Requirement>
Word for word, copy out the data below, omitting pictures.

Dataset content>
((
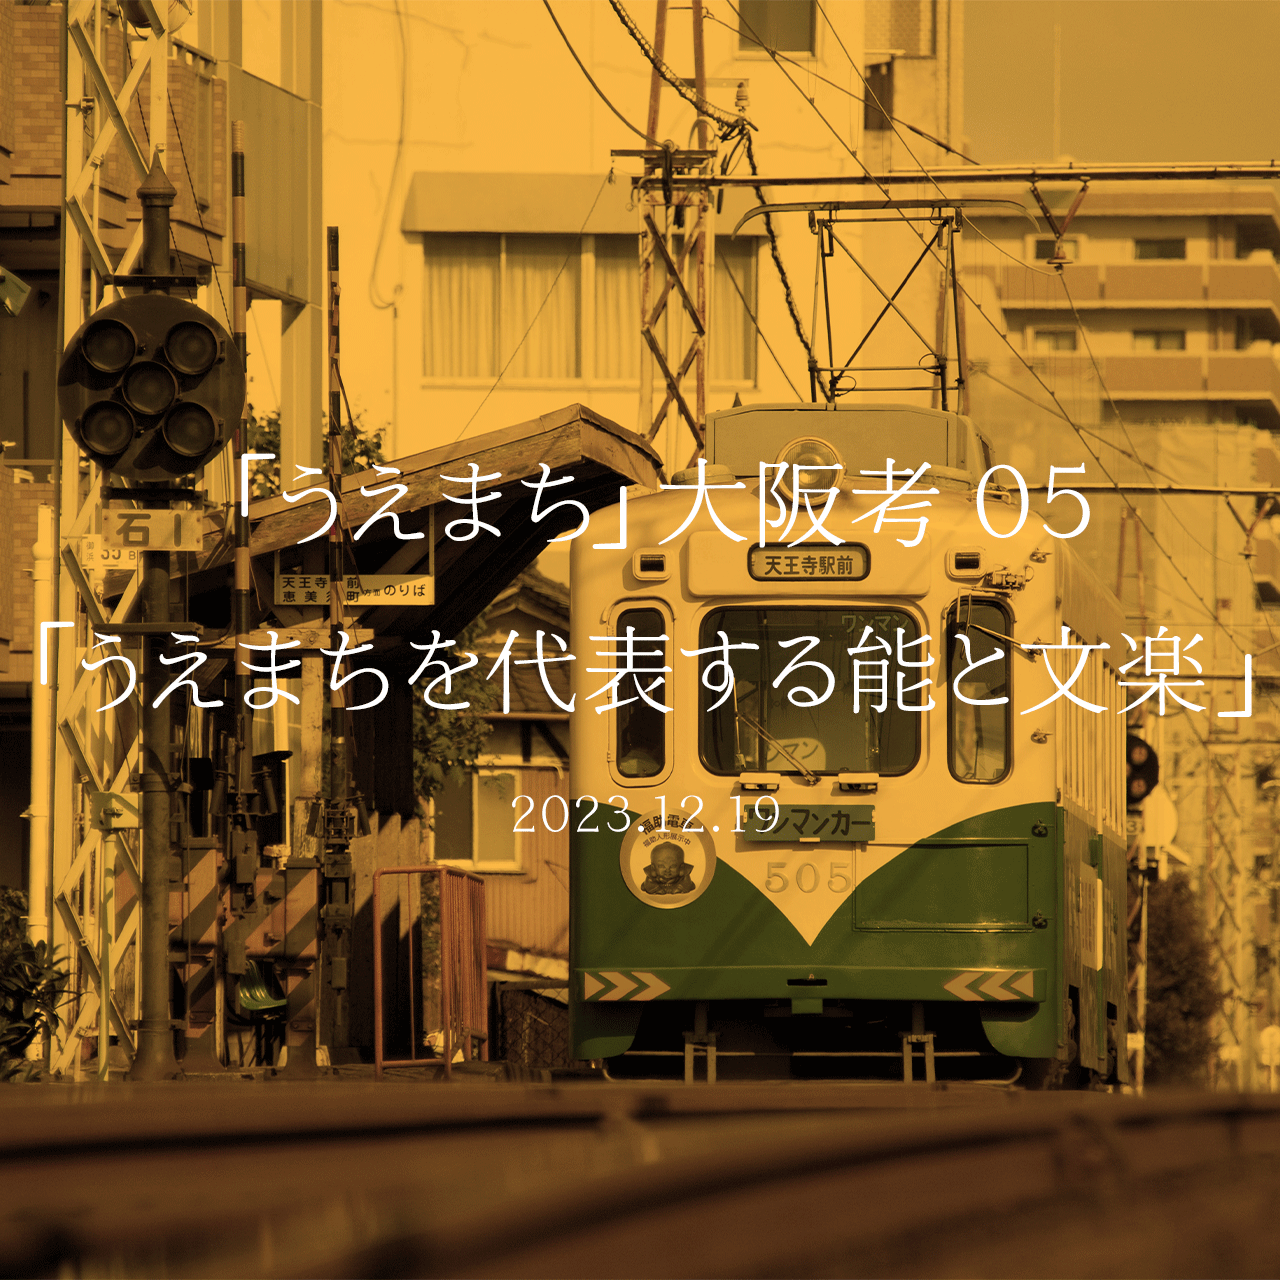 「うえまち」大阪考 05「うえまちを代表する能と文楽」
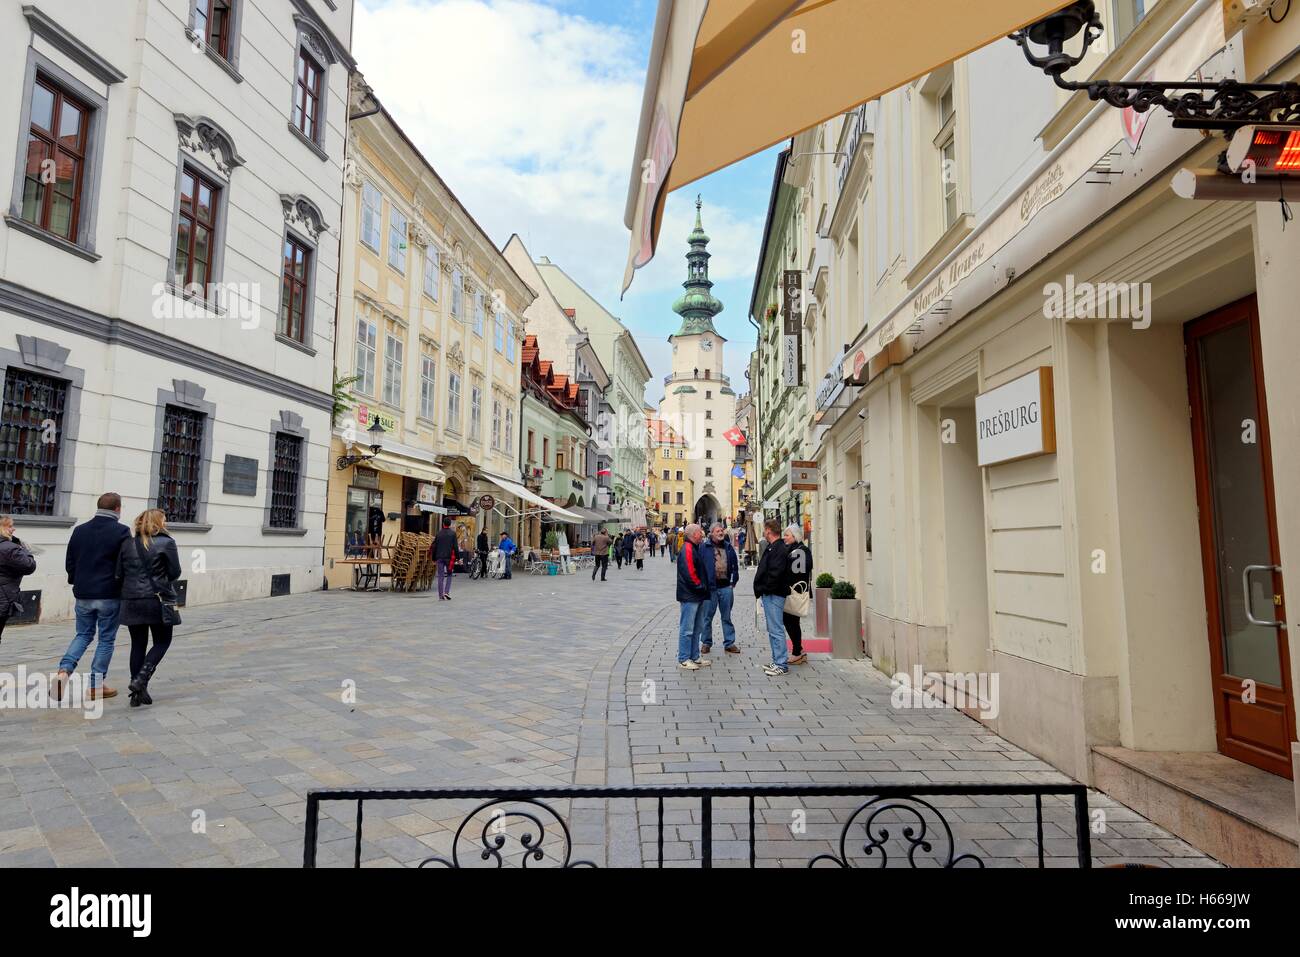 Historic old town in Bratislava Slovakia Europe Stock Photo
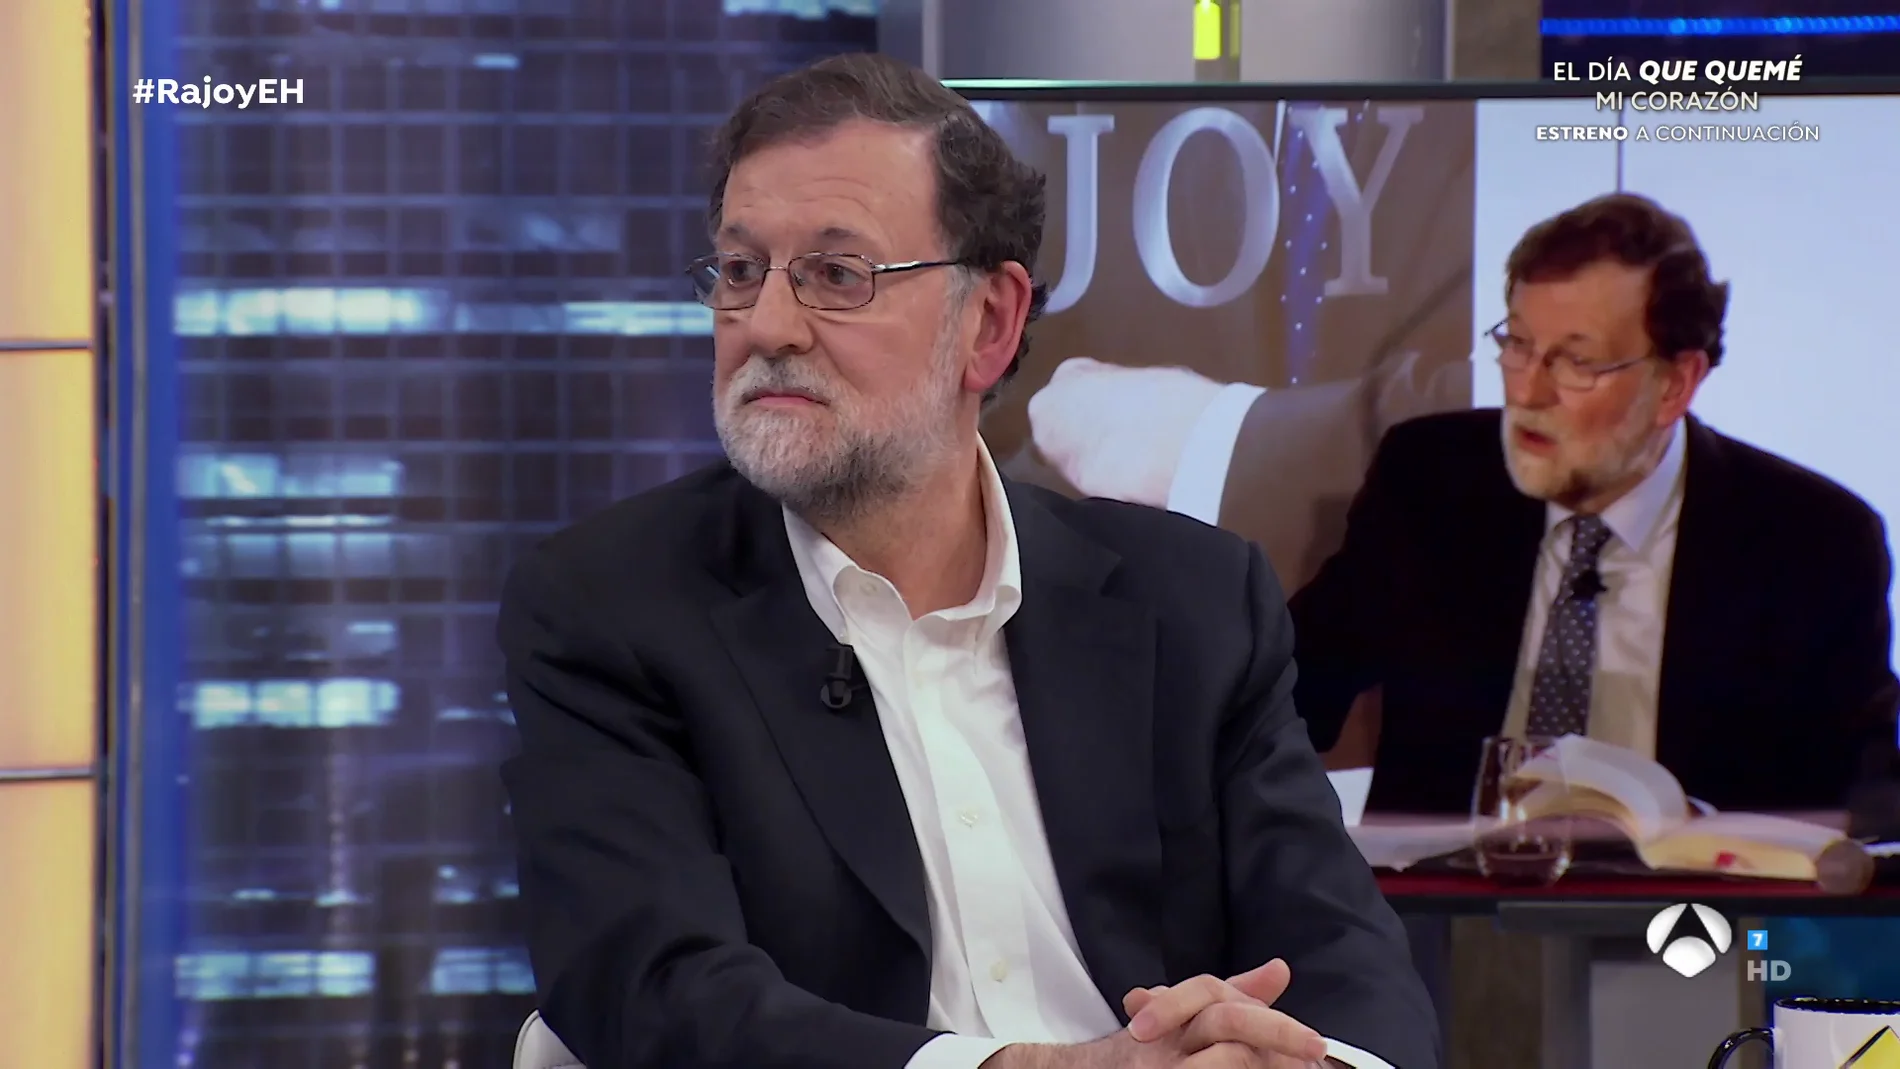 Mariano Rajoy habla sobre el lenguaje inclusivo: "No es bueno que nos quieran imponer estas cosas a estas alturas de la vida"
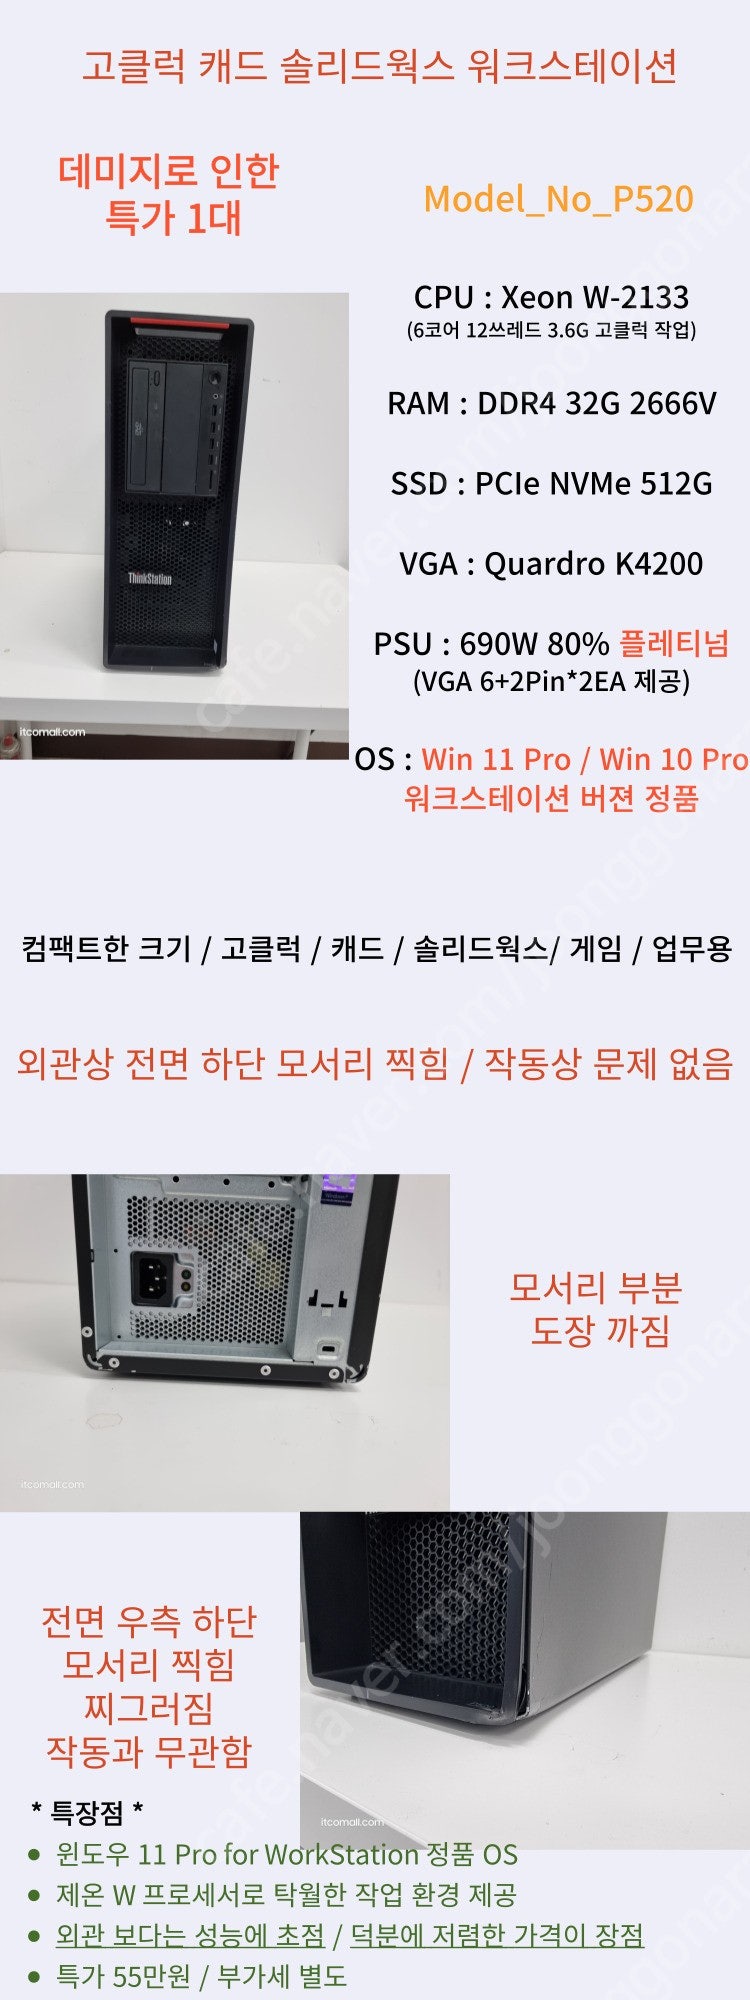 [026] 캐드 솔리드웍스 업무용 워크스테이션 레노버 P520 외관하자특가
))
Result for this exercise>
 「うえまち」大阪考 05「うえまちを代表する能と文楽」
 Historic old town in Bratislava Slovakia Europe Stock Photo
 Mariano Rajoy habla sobre el lenguaje inclusivo: "No es bueno que nos quieran imponer estas cosas a estas alturas de la vida"
 [026] 캐드 솔리드웍스 업무용 워크스테이션 레노버 P520 외관하자특가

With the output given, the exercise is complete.